Dex Media — harmful practices in directory advertising and fidelity collection service
Qwest Dex (since September 2003 absorbed into Dex Media, Inc., owned by The Carlyle Group and Welsh, Carson, Anderson & Stowe) publishes classified telephone directories ("Yellow Pages") in the Seattle, Washington, area. While operating a business named Centerplex (at http://centerplex.net), I found that Qwest Dex engages in harmful practices in the sale of directory advertising.
If you seek to advertise in a Qwest Dex directory, Qwest Dex asks you to sign a lengthy contract. The contract protects Qwest Dex from almost any imaginable claims, regardless of Qwest Dex's behavior.
Centerplex made the mistake of signing the Qwest Dex contract without insisting on changes. Qwest Dex botched each advertisement that Centerplex submitted for publication. Centerplex claimed it was entitled to a reduction in the charge because of the errors by Qwest Dex, but Qwest Dex denied doing anything wrong and claimed that Centerplex was not entitled to any refund. Even if Qwest Dex had admitted to botching the ads, its contract would have entitled Centerplex only to a small refund. For example, if your ad says "ABC Widgets are the World's Best" and Qwest Dex miscomposes the ad to say "ABC Widgets are the World's Worst", the contract says you are entitled to a fractional refund, with the fraction equal to the erroneous material as a fraction of the entire ad. In this case, you would get a refund of 1/6 of the price, even though the ad would be worse for you than no ad at all. (Or perhaps Qwest Dex would claim that only the letters "Be" of "Best" were miscomposed, decreasing
your refund to 1/16 of the price.)
If you have a disagreement with Qwest Dex, you may be able to get it to settle the disagreement, but Qwest Dex doesn't necessarily comply with the settlements that it enters into. Centerplex negotiated a written settlement with Qwest Dex's collection agency, Fidelity Collection Service. Both Fidelity, as authorized agent of Qwest Dex, and Centerplex signed the settlement agreement. Centerplex then paid Qwest Dex the amount required by the settlement, which was 80% of the original contract payment amount.
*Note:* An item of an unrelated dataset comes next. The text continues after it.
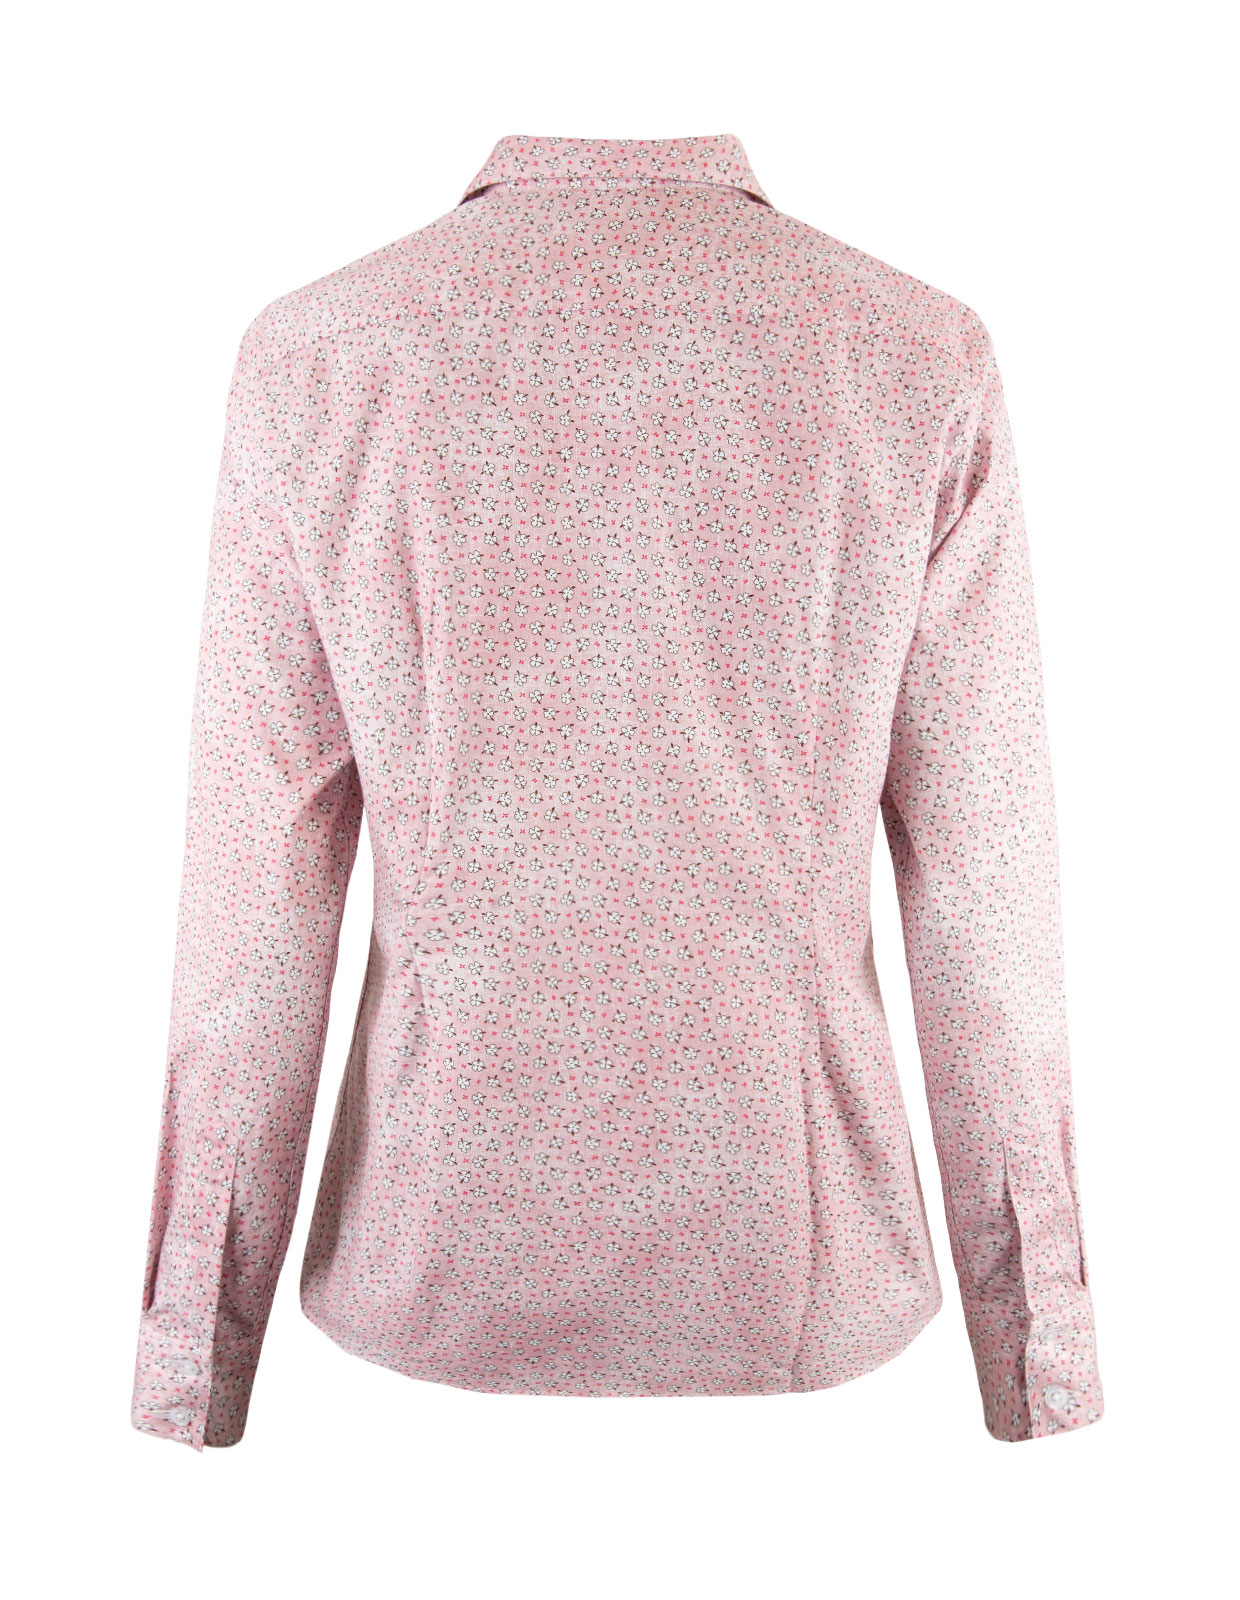 Cotton Shirt Long Sleeve Pink Flowers
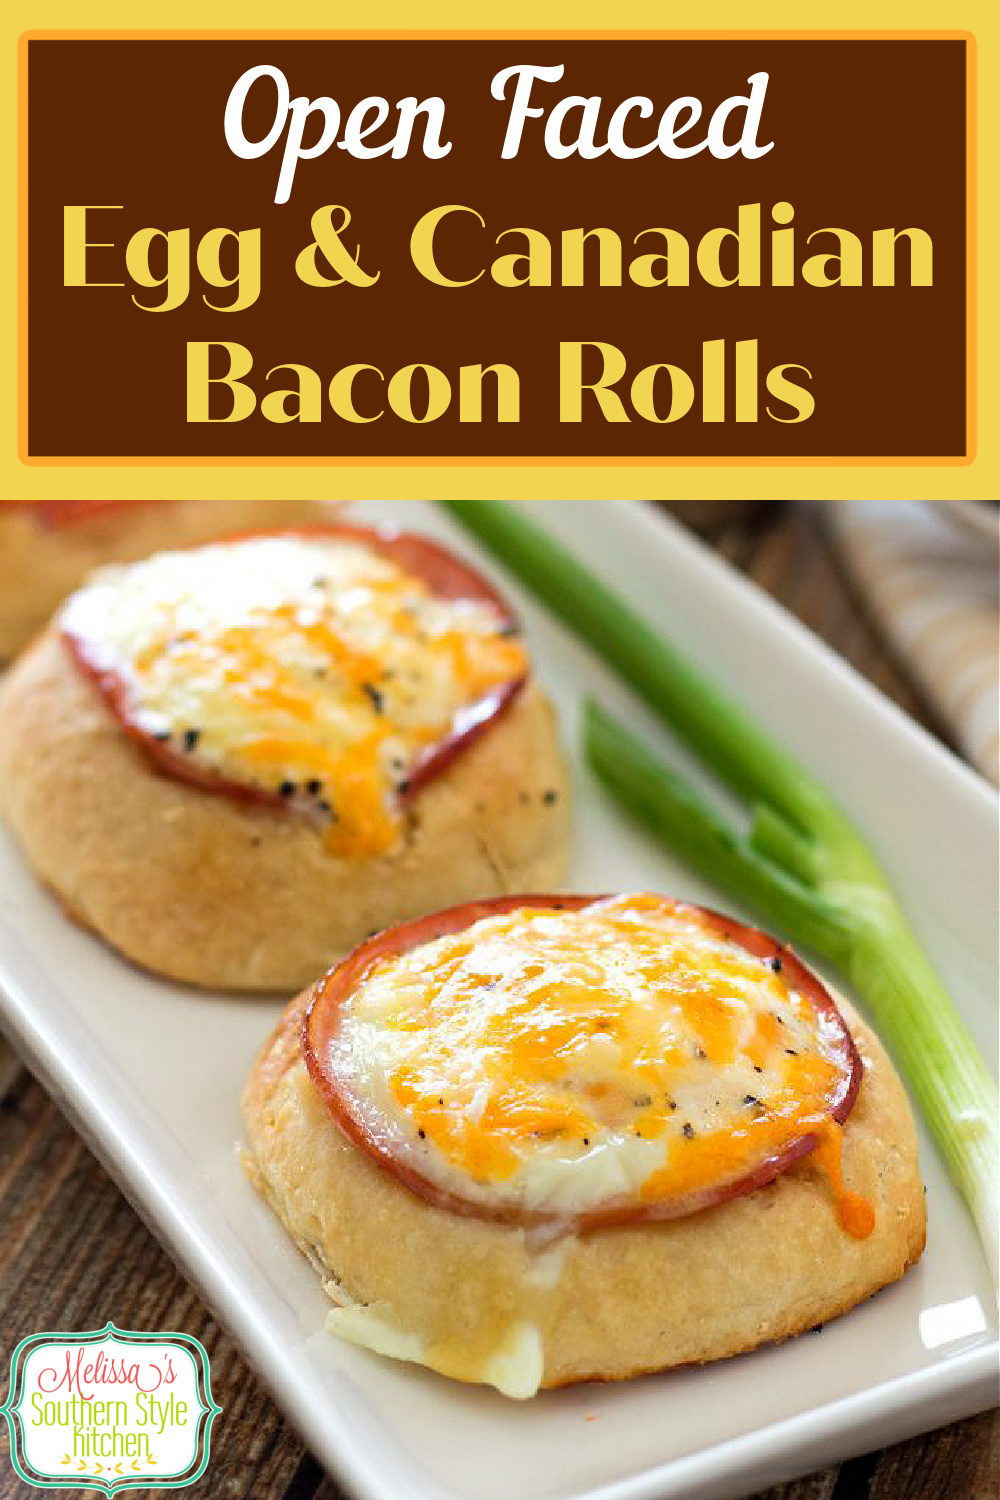 Enjoy these handheld Open Faced Egg and Canadian Bacon Rolls on the go #baconandeggs #eggs #canadianbacon #bacon #rolls #brunch #breakfastrecipes #easyrecipes #hnolidaybrunch #ham #southernfood #southernrecipes #breadrecipes via @melissasssk

Qwest Dex's collection agency refused the payment and mailed it back to Centerplex, saying Qwest Dex was renouncing the signed settlement agreement.
Moreover, even though Qwest Dex's own contract gives both parties the right to submit any dispute to arbitration under the American Arbitration Association, Qwest Dex refuses to admit the validity of its own arbitration clause and repeatedly threatens to file lawsuits against customers with which it has disagreements.
Moreover, Qwest Dex has its alleged debts collected in dishonest ways. For this purpose, it uses Fidelity Collection Service, a trade name of Portland Credit, Inc., which is located at 11818 SE Mill Plain Blvd, Suite 213, Vancouver WA 98684. Its telephone number is [protected]. When Fidelity contacts you demanding payment and you reply, in writing, denying the validity of the debt, Fidelity ignores your dispute and continues contacting you, even denying that you have responded to its notices. This misrepresentation violates the standard defined by section 806 of 15 USC 1692d (the Fair Debt Collection Practices Act), which prohibits any debt collector from using "any false, deceptive, or misleading representation or means in connection with the collection of any debt".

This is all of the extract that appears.